# Biting the HR-2X bullet...



## Klankster (Aug 13, 2004)

Looks like we're going to throw in the TiVo towel and go to the new DirecTV DVR so we can continue to get HD NFL -- So I have a quick question. I'd sure appreciate your input and insight here.

Q: Is it worth it to buy my own HR-20 from Weaknees or should I get one from DirecTV? Generally I like to own my own equipment, but if there is a high failure rate or lots of problems, will having one from DirecTV be beneficial? i.e. will DirecTV support it quickly if something goes wrong? Conversely, if I get it from Weaknees, are they good at supporting you when equipment goes down?

I'm gonna keep my HR10-250 as a backup because we like it so darn much.
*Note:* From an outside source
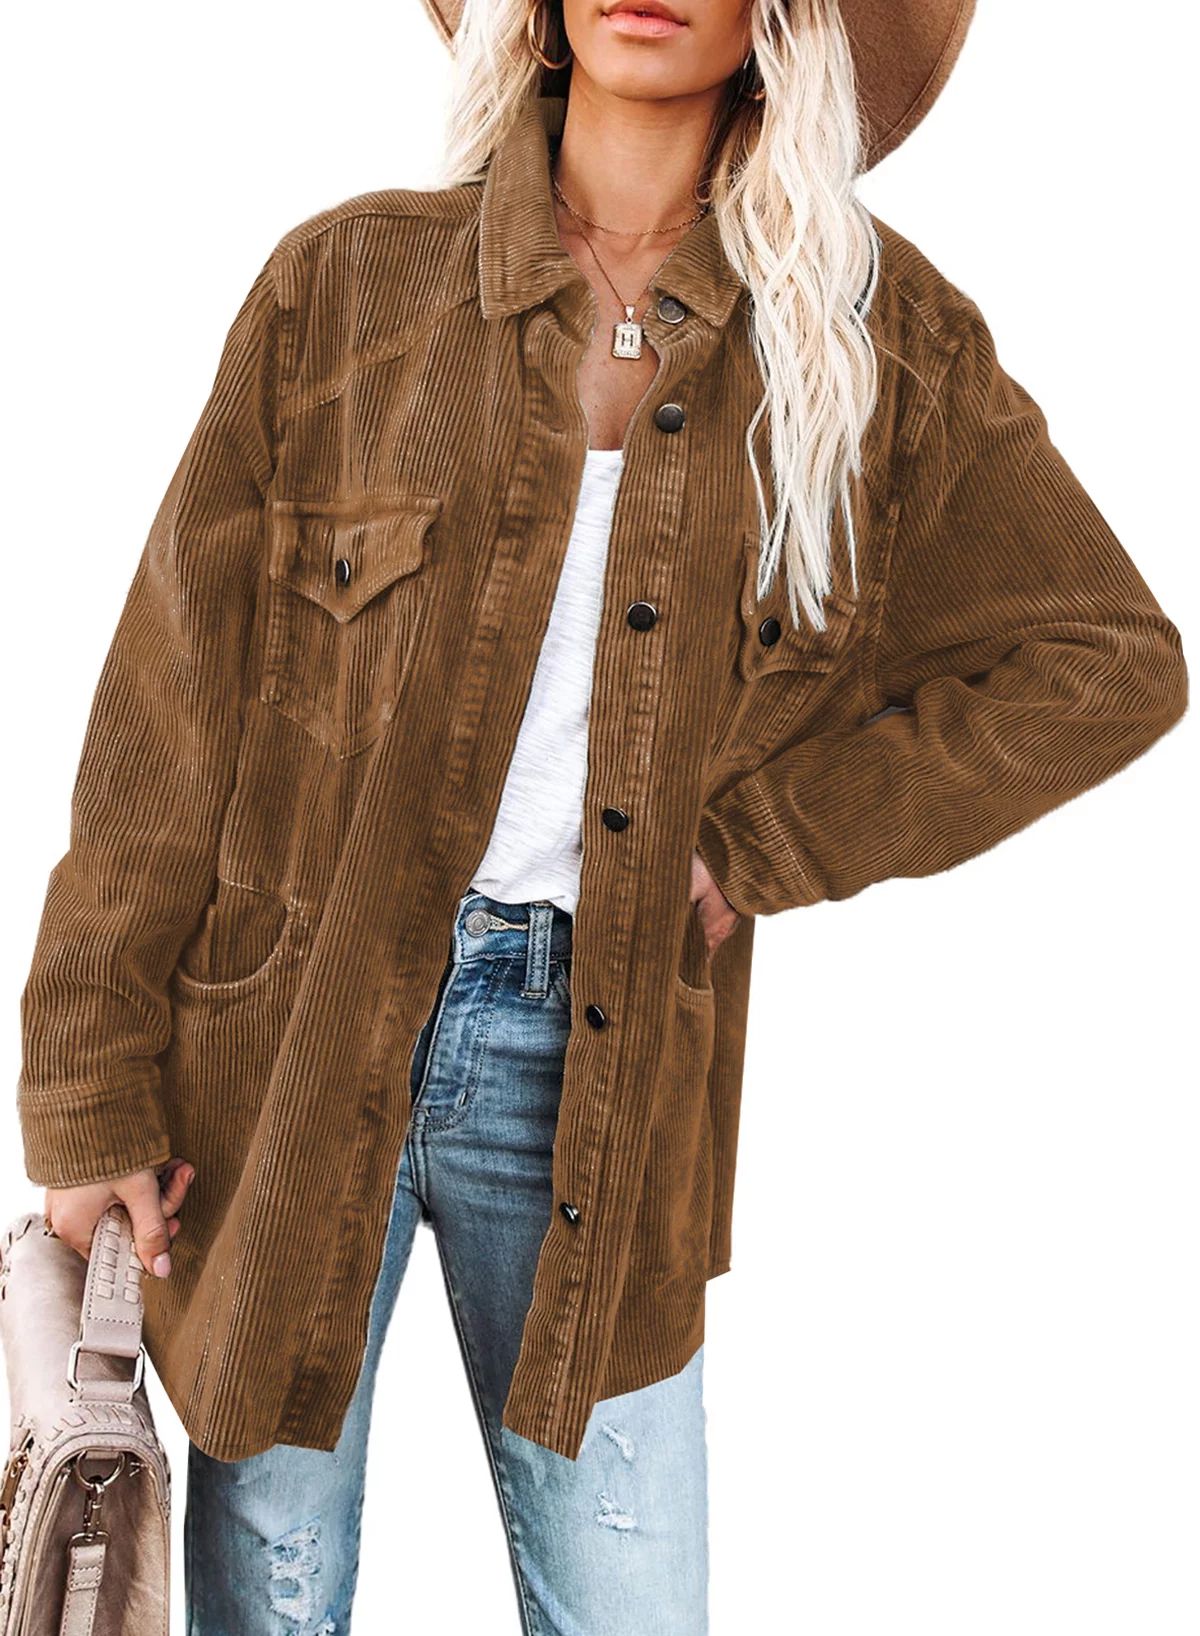 SHEWIN Women's Corduroy Jackets Button Down Shacket Coats Boyfriend Shirts Long Sleeve Casual Jac... | Walmart (US)

Anyway, I do appreciate hearing the opinions of people who have experience with both of these options. Thanks!


----------



## TonyTheTiger (Dec 22, 2006)

However you obtain your HR21 (as that's what it'll most likely be), it will be leased, so I would go with the D* option. Chances are, if you push the fact that you will sign up for NFLST, you can push for free Superfan and maybe even get the equipment for free or at least cheaper than advertised.


----------



## bigpuma (Aug 12, 2003)

You should be able to get DirecTV to give you a free HR21 or at least a very reasonable price since you have an HR10 and NFLST. As TonyTheTiger said it will be leased no matter what so get it as cheap as possible.


----------



## sjberra (May 16, 2005)

TonyTheTiger said:


> However you obtain your HR21 (as that's what it'll most likely be), it will be leased, so I would go with the D* option. Chances are, if you push the fact that you will sign up for NFLST, you can push for free Superfan and maybe even get the equipment for free or at least cheaper than advertised.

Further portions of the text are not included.